Chemical compositions change as often as once every six months.
According to Moli Energy, a large manufacturer of Li-ion
batteries, the chemical composition of Li-based batteries
changes every six months. New chemicals are discovered that
provide better load characteristics, higher capacities and
longer storage life. Although beneficial to consumers, these
improvements wreak havoc with battery testing equipment that
base quick test algorithms on fixed parameters. Why do these
changes in battery composition affect the results of a quick
tester?
 The
early Li-ion batteries, notably the coke-based variety, exhibited
a gradual drop of voltage during discharge. With newer graphite-based
Li-ion batteries, flatter voltage signatures are achieved.
Such batteries provide a more stable voltage during most of
the discharge cycle. The rapid voltage drop only occurs towards
the end of discharge.
A ‘hardwired’ tester looks for an anticipated
voltage drop and estimates the SoH according to fixed references.
If the voltage-drop changes due to improved battery technology,
erroneous readings will result.
Diverse metals used in the positive electrode
also alter the open terminal voltage. Manganese, also referred
to as spinel, has a slightly higher terminal voltage compared
to the more traditional cobalt. In addition, spinel ages differently
from cobalt. Although both cobalt and spinel systems belong
to the Li-ion family, differences in readings can be
expected when the batteries are quick tested side-by-side.

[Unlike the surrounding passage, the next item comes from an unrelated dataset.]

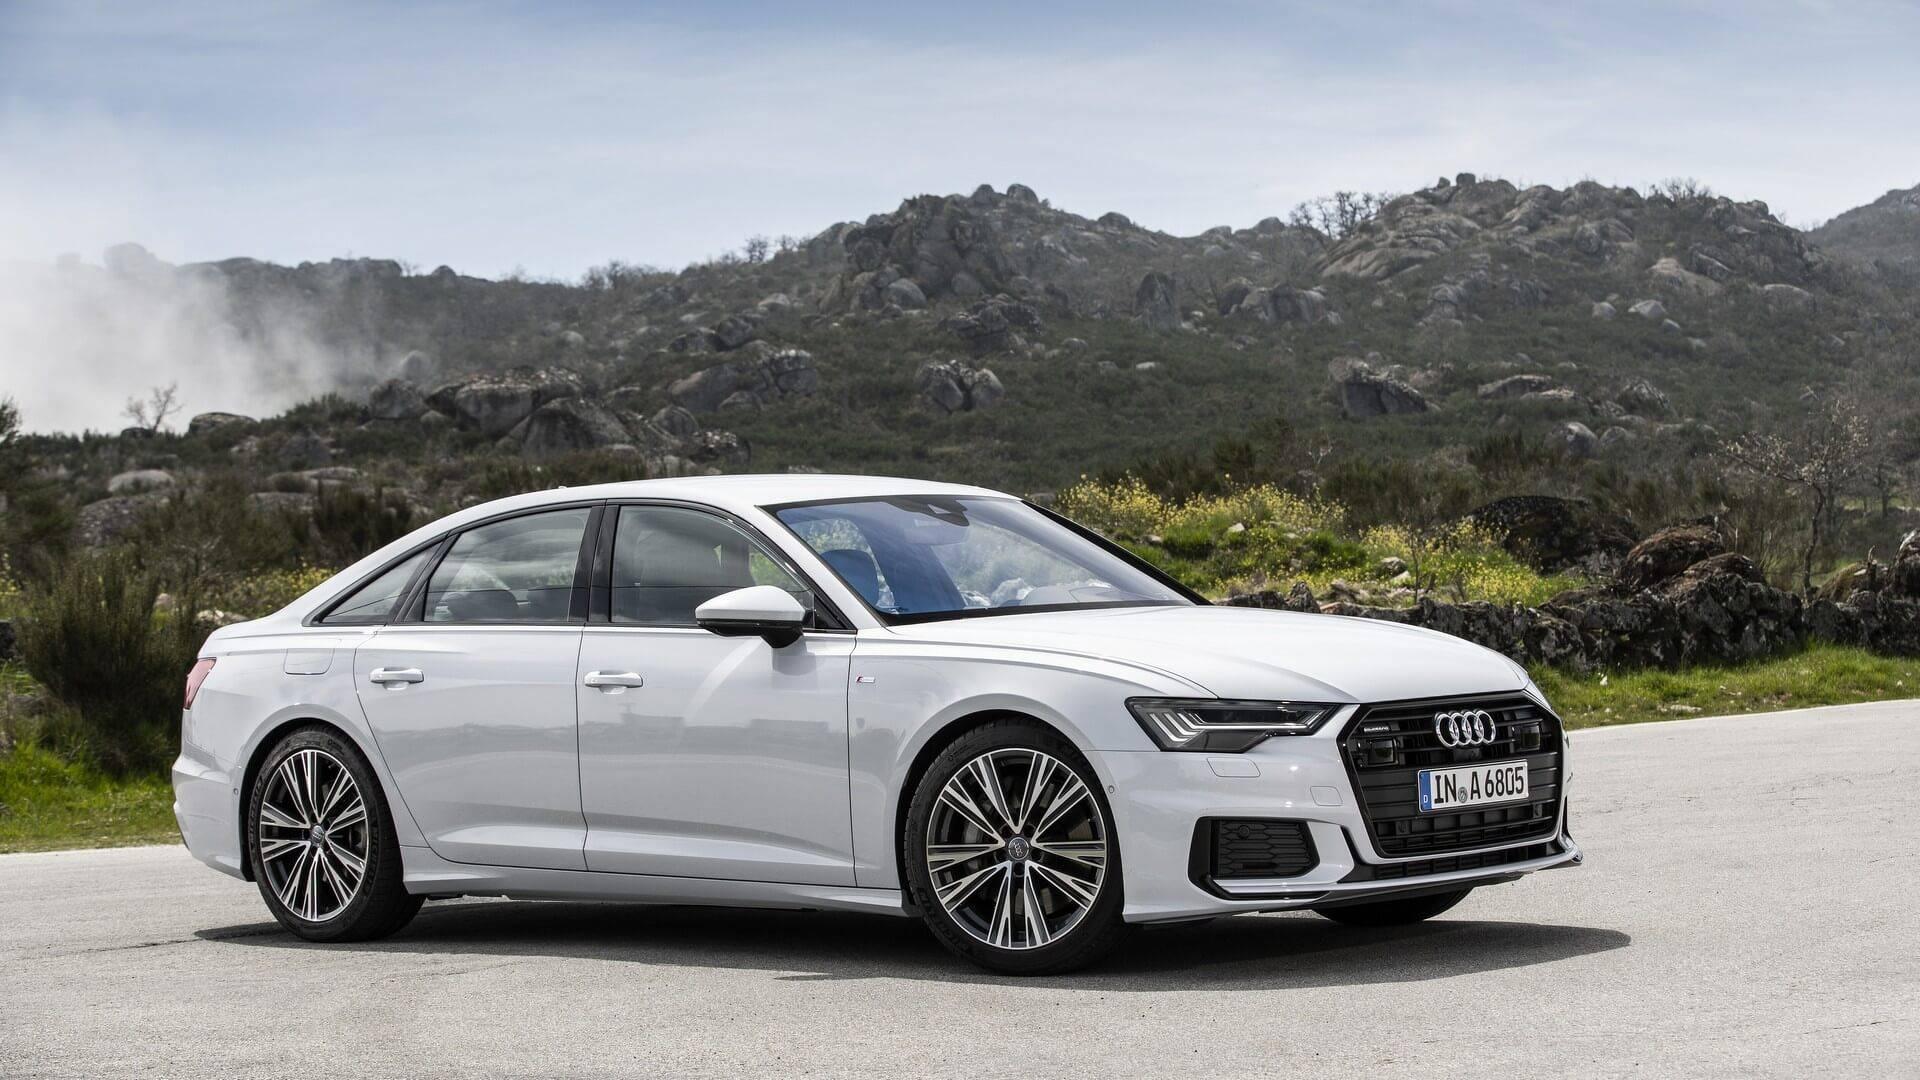 Maple Hill Audi >> 2019 Audi A6 Avalon Green - Audi Cars Review Release Raiacars.com

The Li-ion polymer has a dissimilar composition
to the Li-ion and responds in a different way when tested.
Instruments capable of checking Li-ion batteries may
not provide reliable readings when quick testing Li-ion
polymer batteries.
The Cadex Quicktest™ Method
A battery quick text must be capable of adapting
to new chemical combinations as introduced from time to time.

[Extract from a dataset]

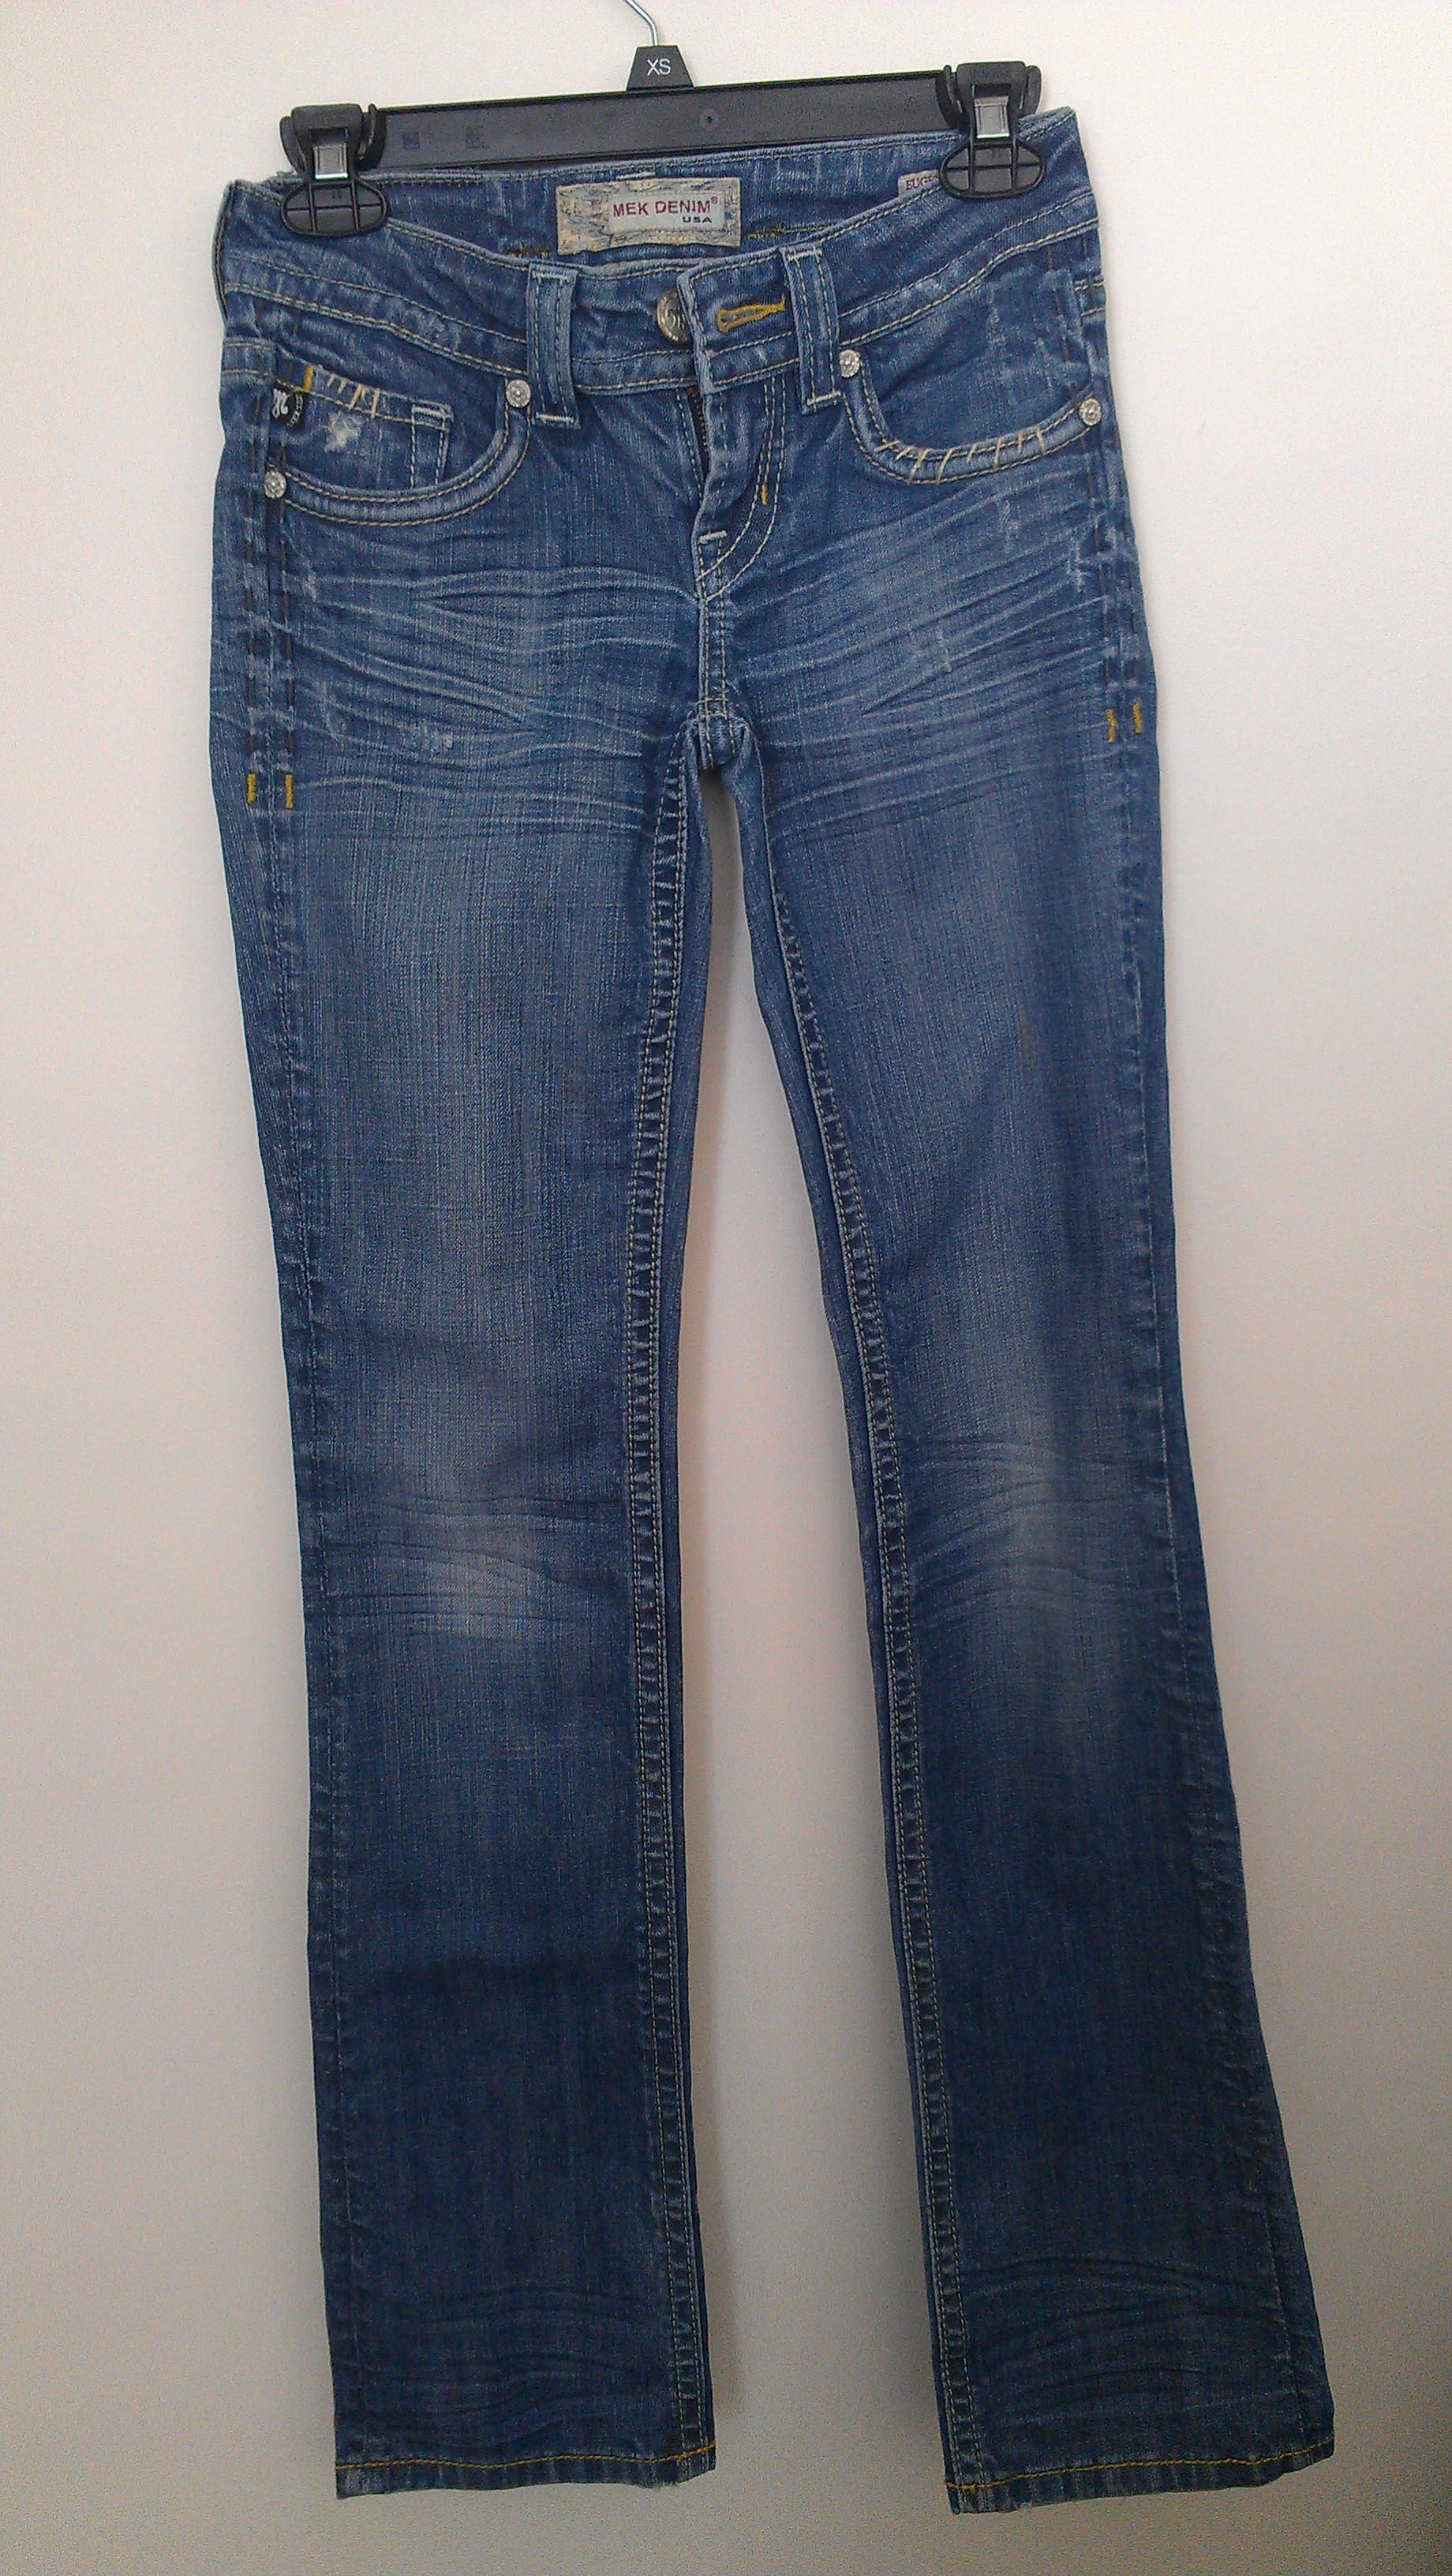 denim straight jeans mek cececouture online store. Black Bedroom Furniture Sets. Home Design Ideas

Cadex solves this by using a self-learning fuzzy logic algorithm.
Used to measure analog variances in an assortment of applications,
fuzzy logic is known to the industry as a universal approximator.
Along with unique learning capabilities, this system can adapt
to new trends. Similar to a student adapting to the complexity
of a curriculum, the system learns with each battery tested.
The more batteries that are serviced, the higher the accuracy
becomes.
Cadex Quicktest™ is built on the
new Cadex 7000 Series battery analyzer platform.
This system features interchangeable battery adapters that
contain the battery configuration codes (C-codes). When installed,
the adapter sets the analyzer to the correct battery parameters
(chemistry, voltage rating, etc.).
To enable quick testing, the battery adapters
must also contain the matrix settings for the serviced battery.
While matrices for the most common batteries are included
when acquiring the adapter, the user is asked to enter the
information on those adapters that have not yet been prepared
for quick testing. This can be done in the field by ‘scanning’
the working battery.
The ‘Learn’ program of the Cadex 7000
Series battery analyzer performs this task by applying
charge-discharge-charge activities on the test battery. Similar
to downloading a program into a PC, the information derived
from the battery sets the matrices and prepares the Cadex
Quicktest™ function. The ‘Learn’ program completes
its cycle within approximately four hours. One learning cycle
is the minimal requirement to enable the Cadex Quicktest™
function.
With only one battery learned or scanned, the
confidence level is ‘marginal’. Running additional batteries
through the learning program will fill the matrix registers
and the confidence level will increase to ‘good’ or ‘excellent’.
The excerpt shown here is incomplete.